When we have exhausted our store of endurance, when our strength has failed in the days half done, when we reach the end of our hoarded resources, our Father’s own giving is only begun. His love has no limit. His grace has no measure. His power has no boundaries known unto men. For out of His infinite riches in Jesus, He giveth and giveth and giveth again.

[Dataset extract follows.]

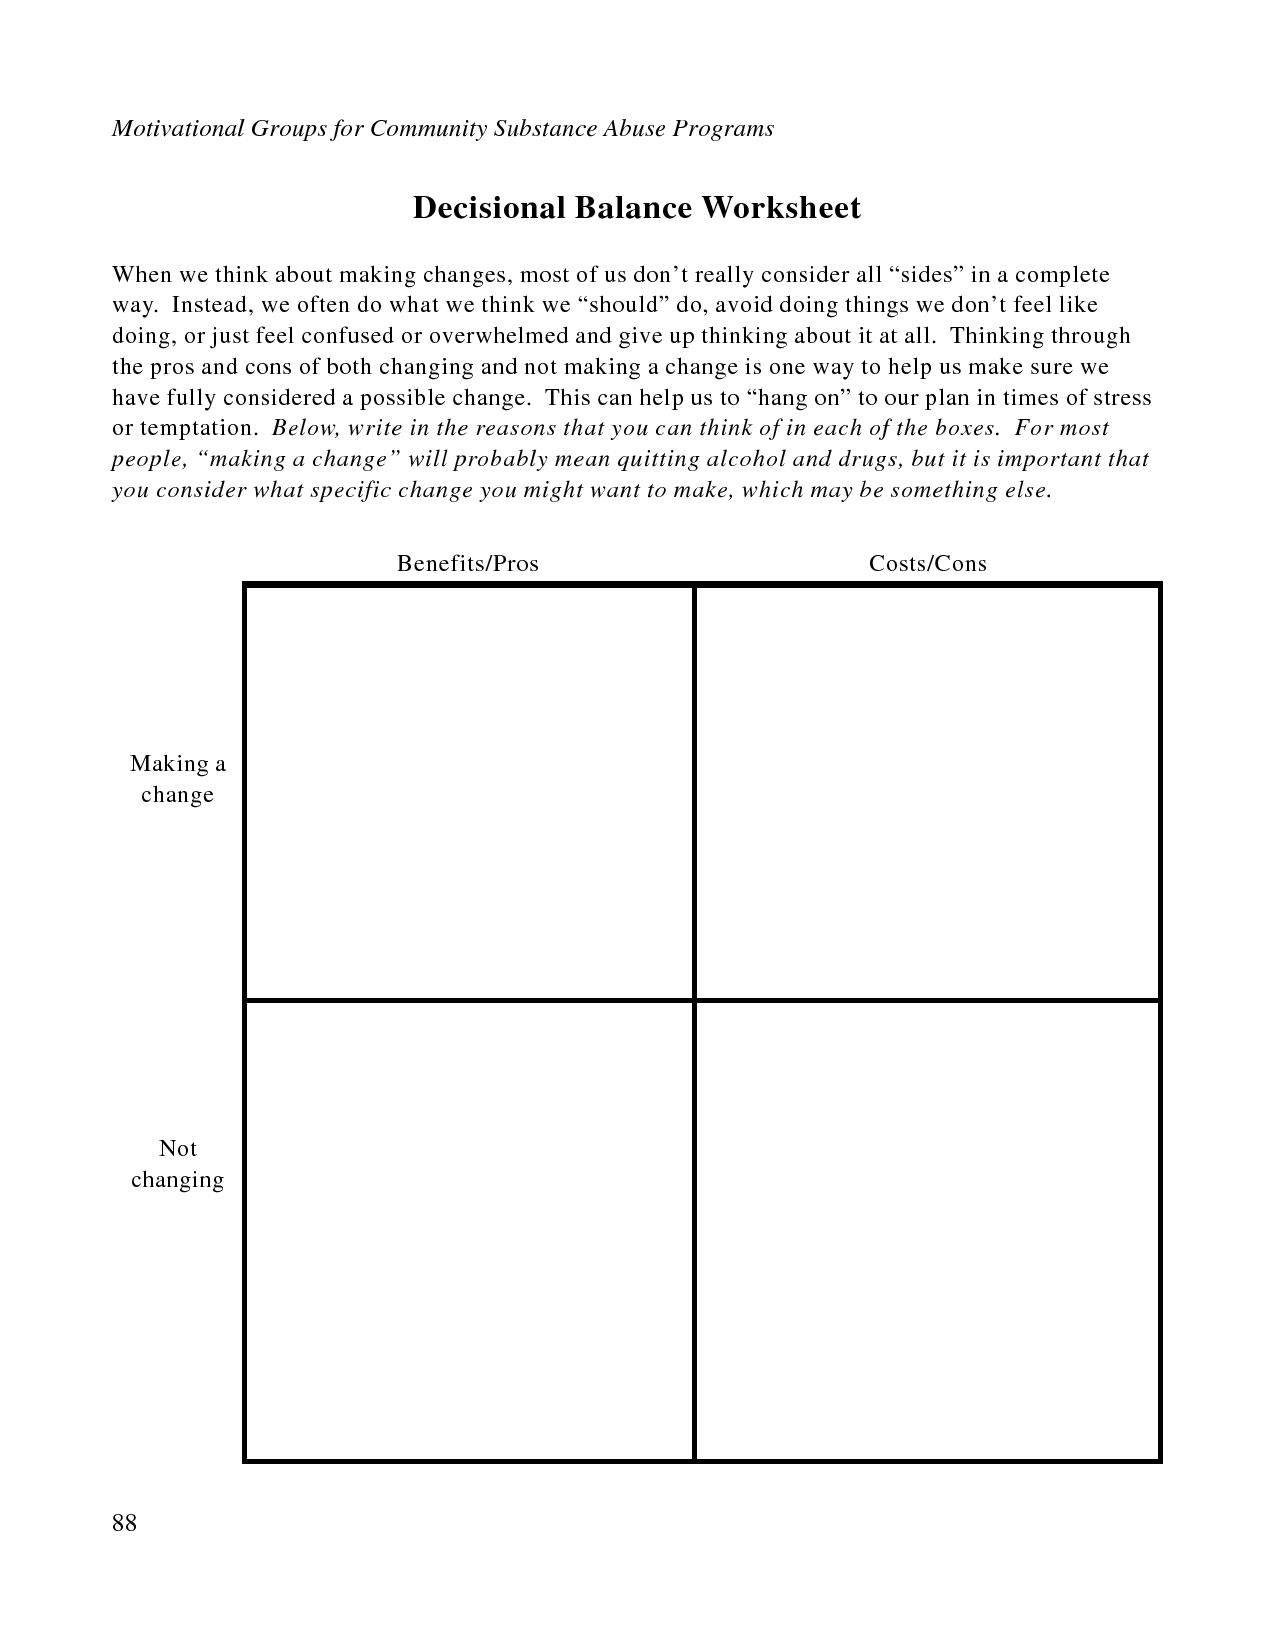 Free Printable Dbt Worksheets   Decisional Balance Worksheet - Pdf - Free Printable Recovery Games
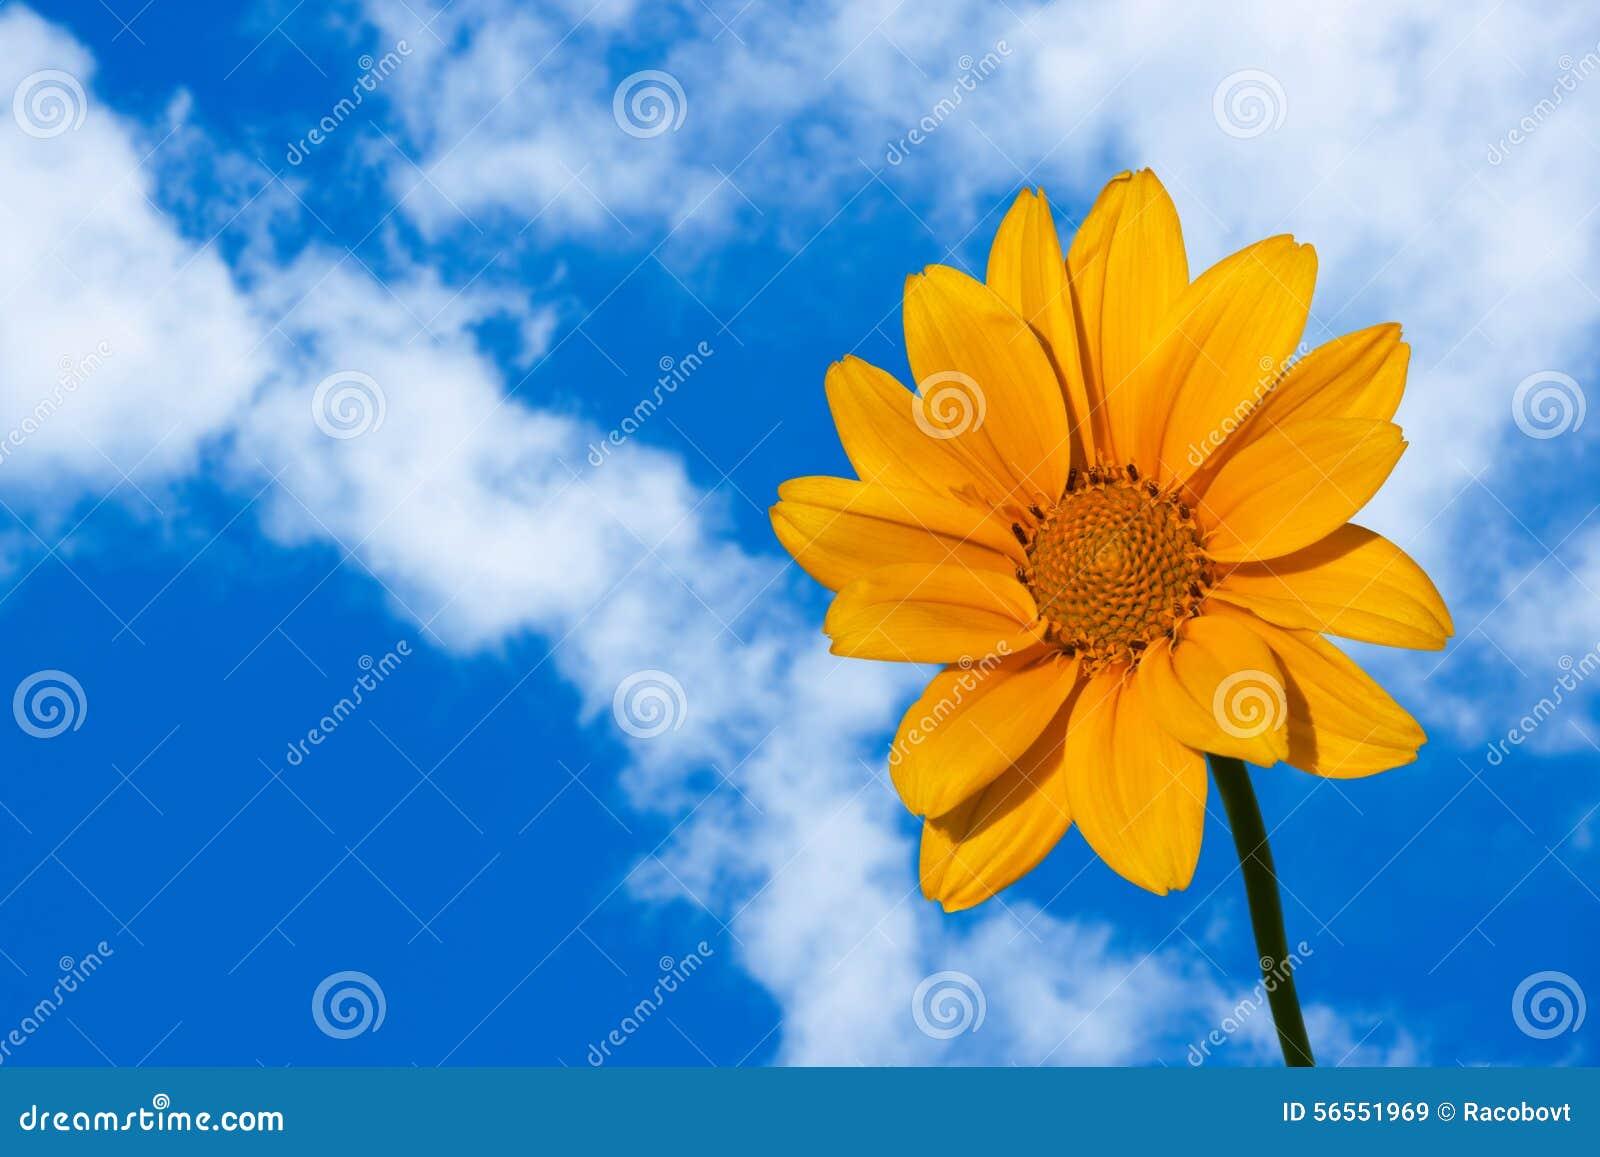 Download Κίτρινη ντάλια στοκ εικόνα. εικόνα από ημέρα, αιώνιος - 56551969

He giveth more grace, where the burdens grow greater. This is God amidst evil. The picture of eternity is this, bring it all to bear, we will forever worship God in His greatness. He is great and we need not minimize His greatness to try to figure out how this whole evil thing works. We will forever worship God in His greatness.
Second, we will forever enjoy God in His goodness. He is good. He is eternally good for us, to His people. We will forever enjoy God in His goodness when it comes to the presence of evil. What the Christian worldview says is this, “We will never experience evil again.” Revelations 21, “There will be no more sorrow, sickness, or pain.” It will all be gone. The old will be gone, the new will come, and we will dwell with Him forever. This is the picture.